Nossa missionariedade também é expressa pela presença viva, alegre e atuantes dos jovens na Igreja. Cabe à comunidade nessa atitude de diálogo, acolhê-los, para renovar a comunidade eclesial. Sabemos que os jovens, com seu testemunho e ardor missionário podem “ser ainda mais missionários entre os jovens” (Doc. 109, n. 119). A comunidade eclesial deve compreender que a missão é, “antes de tudo, deixarmo-nos conduzir por Deus aonde e como ele quer e de acordo com os planos que ele tem para a nossa vida “(PALEARI, 2001, p. 56), abrindo espaço para que todos possam se sentir e se tornar verdadeiros discípulos missionários de Cristo.
Missão é partir, caminhar, deixar tudo, sair de si, quebrar a crosta do egoísmo que nos fecha no nosso eu. É parar de dar volta ao redor de nós mesmos como se fôssemos o centro do mundo e da vida. É não se deixar bloquear nos problemas do pequeno mundo a que pertencemos: a humanidade é maior. Missão é partir, mas não devorar quilômetros. É, sobretudo, abrir-se aos outros como irmãos, descobri-los e encontrá-los. E, se para encontrá-los e amá-los é preciso atravessar os mares e voar lá nos céus, então Missão é partir até os confins do mundo. Dom Helder Câmara
Valdiene Aparecida Gomes
Catequista na Paróquia Cristo Rei (EPAC) – Ipatinga/MG
Cursou a Formação de Coordenadores de Catequese – CNBB/Leste II
Cursou Bíblia em Comunidade – Faculdade Jesuíta de Filosofia e Teologia (FAJE)
Professora da Rede Pública de Ensino e Mestra em Linguagens e Letramentos pela UFMG
Referências bibliográficas
BÍBLIA SAGRADA. Bíblia de Jerusalém (Ed.
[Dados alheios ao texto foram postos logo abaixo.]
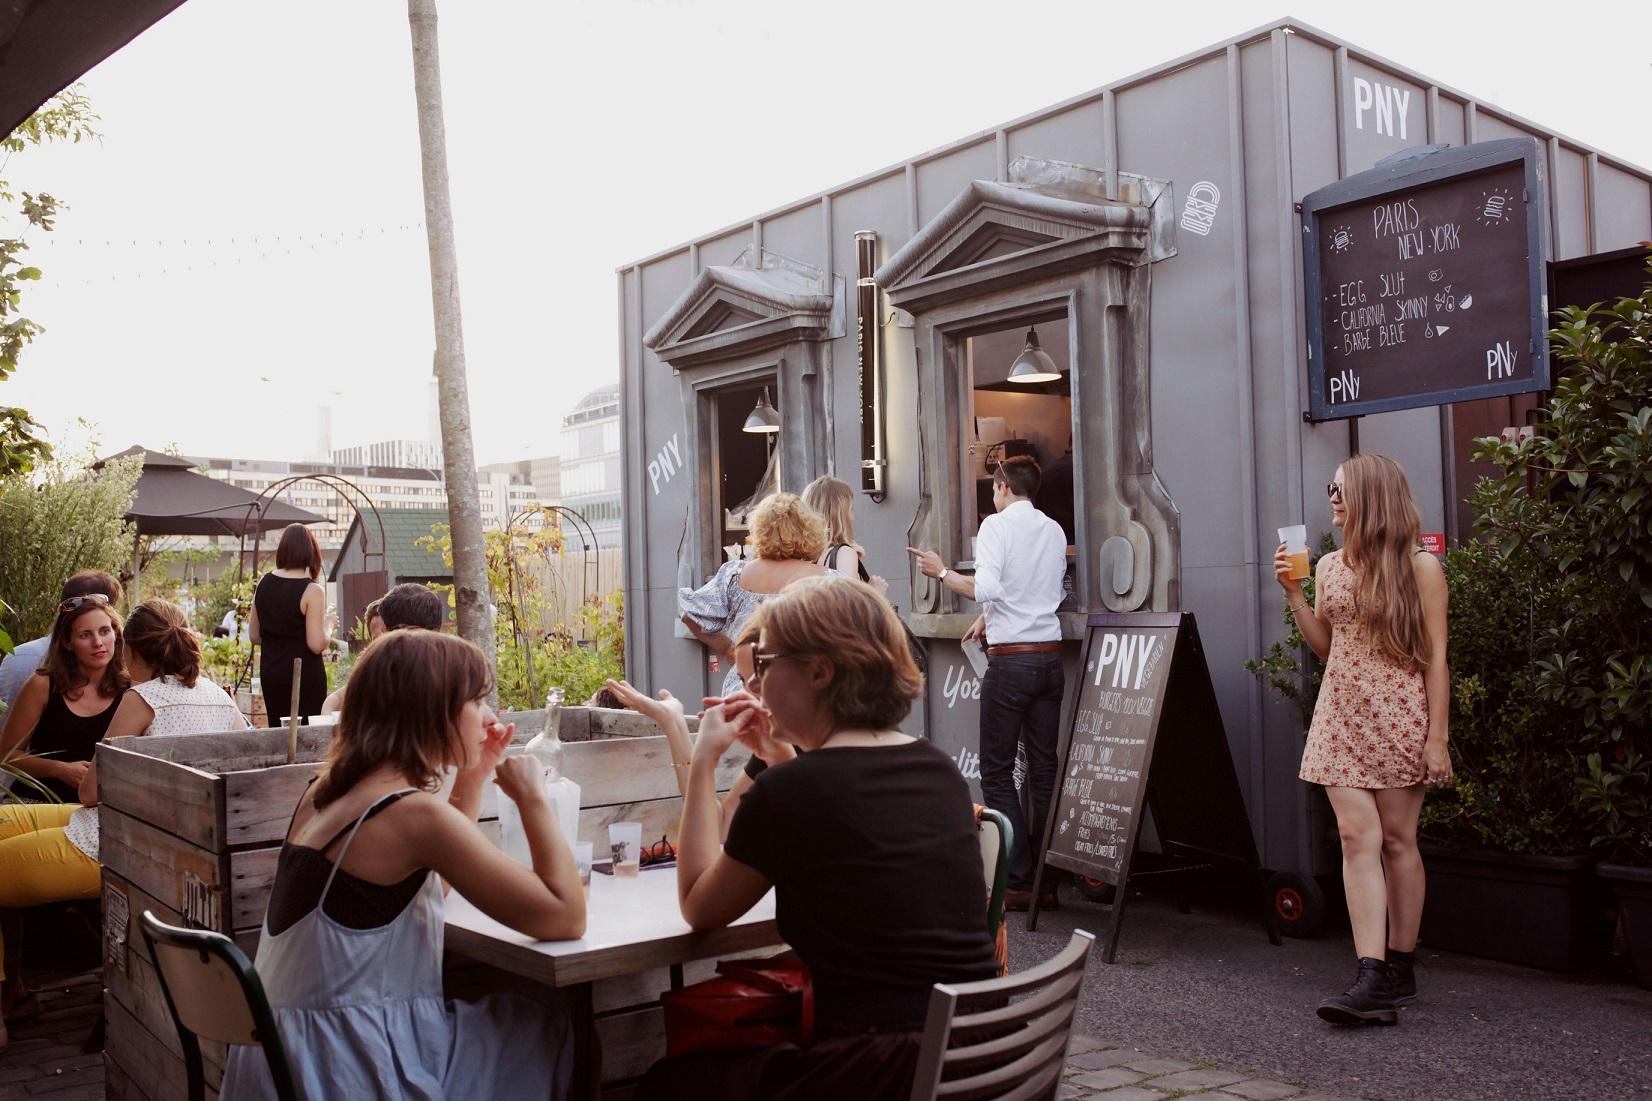 Cheap Eats in Paris - Street Food Markets

Revista). São Paulo: Paulus, 2004.
CNBB. Diretrizes Gerais da Ação Evangelizadora da Igreja no Brasil: 2019-2023. Brasília: Edições CNBB, 2019.
_____. Iniciação à vida cristã: itinerário para formar discípulos missionários. 2ª ed. Brasília: Edições CNBB, 2017.
DOCUMENTO DE APARECIDA. Texto conclusivo da V Conferência Geral do Episcopado Latino-Americano e do Caribe. Edições CNBB, Paulinas, Paulus. 2007.
MENDONÇA, José Tolentino. Nenhum caminho será longo: para uma teologia da amizade. São Paulo: Paulinas, 2013.
MOREIRA, Gilvander Luís. Lucas e Atos: uma teologia da história. 2ª ed. São Paulo: Paulinas, 2012.
PAIVA, Vanildo de. Catequese e liturgia: duas faces do mesmo mistério. São Paulo: Paulus, 2008.
PAPA FRANCISCO. Alegria de ser discípulo. Editado e compilado James P. Campbell. Tradução Sandra Martha Dolinsky. 2ª ed. Rio de Janeiro. Bestseller, 2017.
PALEARI, Giorgio. Espiritualidade e Missão. São Paulo: Paulinas, 2001.
SILVA, Marlene Maria. REZENDO, Rita de Cássia Pereira. PAIVA, Vanildo de. O processo de formação da identidade cristã: roteiros e reflexões para retiros e formação de catequistas com inspiração catecumental. São Paulo: Paulus, 2014.